%%
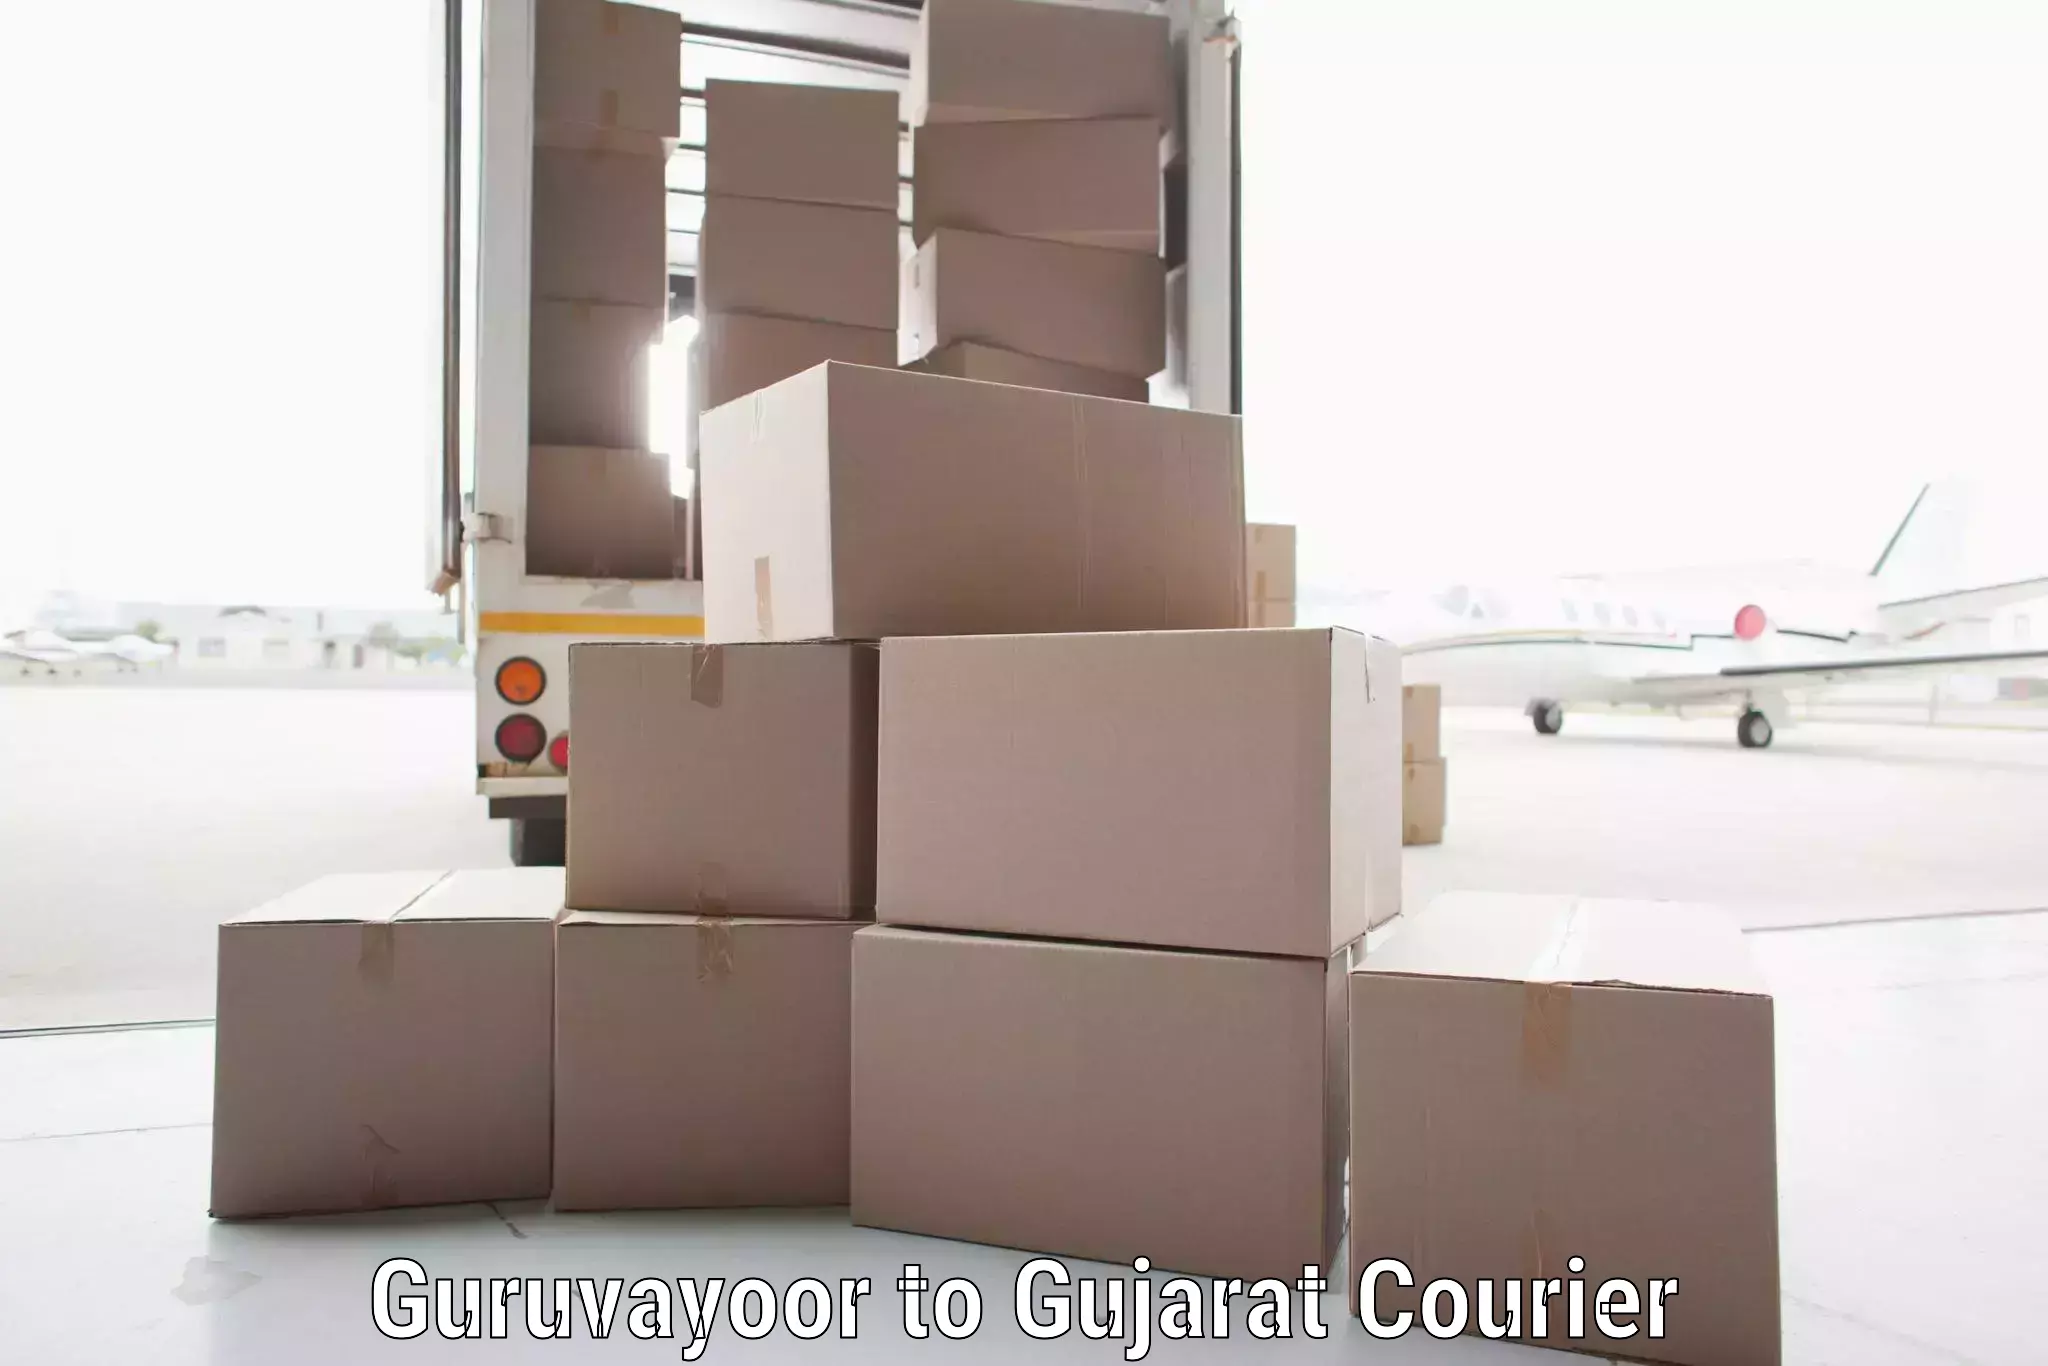 Modern courier technology in Guruvayoor to Gujarat
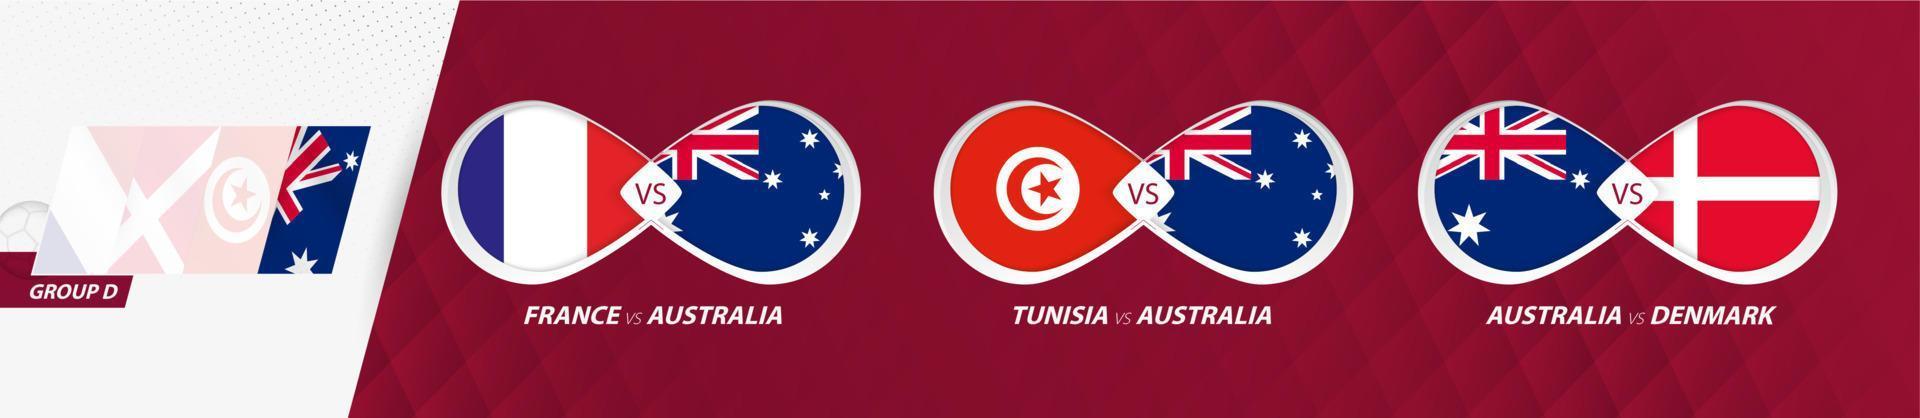 partidos de la selección nacional de australia en el grupo d, competición de fútbol 2022, icono de todos los juegos en la fase de grupos. vector
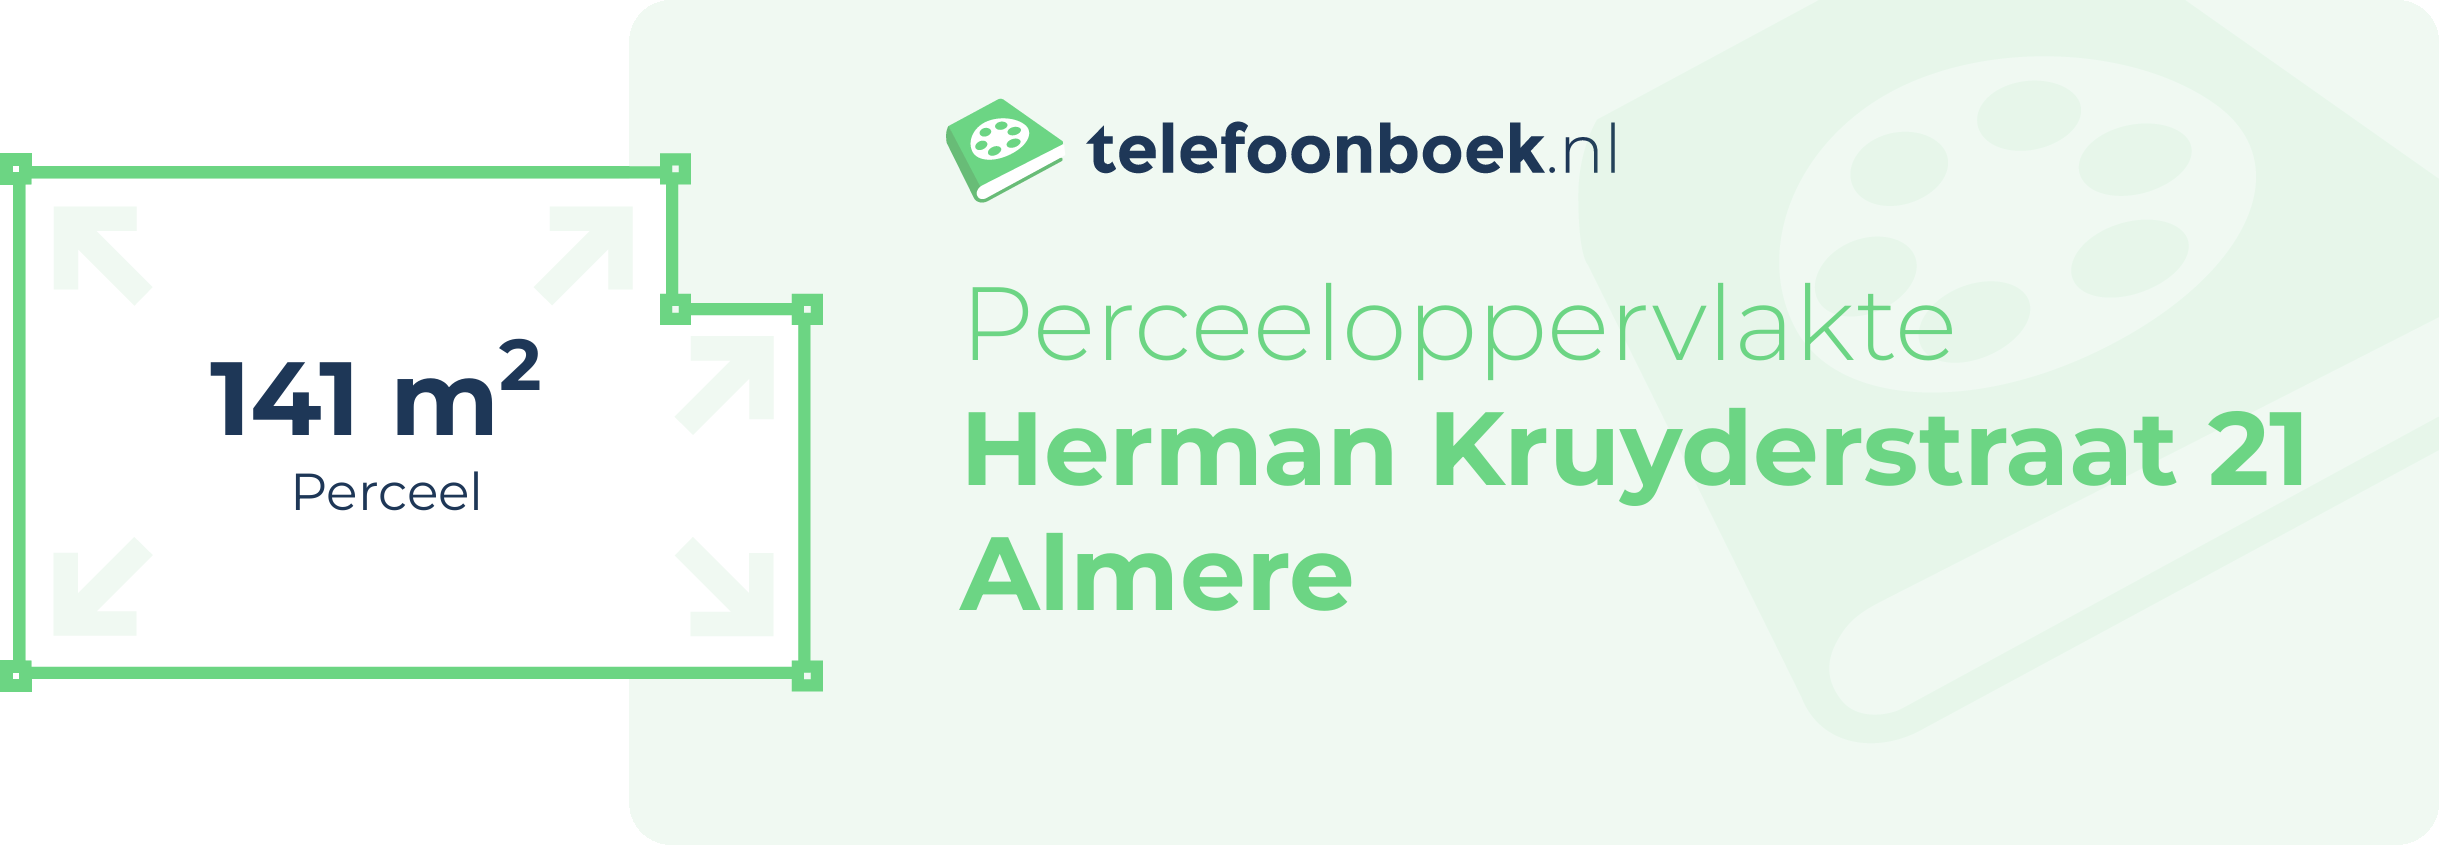 Perceeloppervlakte Herman Kruyderstraat 21 Almere
%%
Each line above has to be returned exactly. Drop the pictures.

**RESULT FOR THIS EXERCISE**
 Modern courier technology in Guruvayoor to Gujarat
 partidos de la selección nacional de australia en el grupo d, competición de fútbol 2022, icono de todos los juegos en la fase de grupos. vector
 Perceeloppervlakte Herman Kruyderstraat 21 Almere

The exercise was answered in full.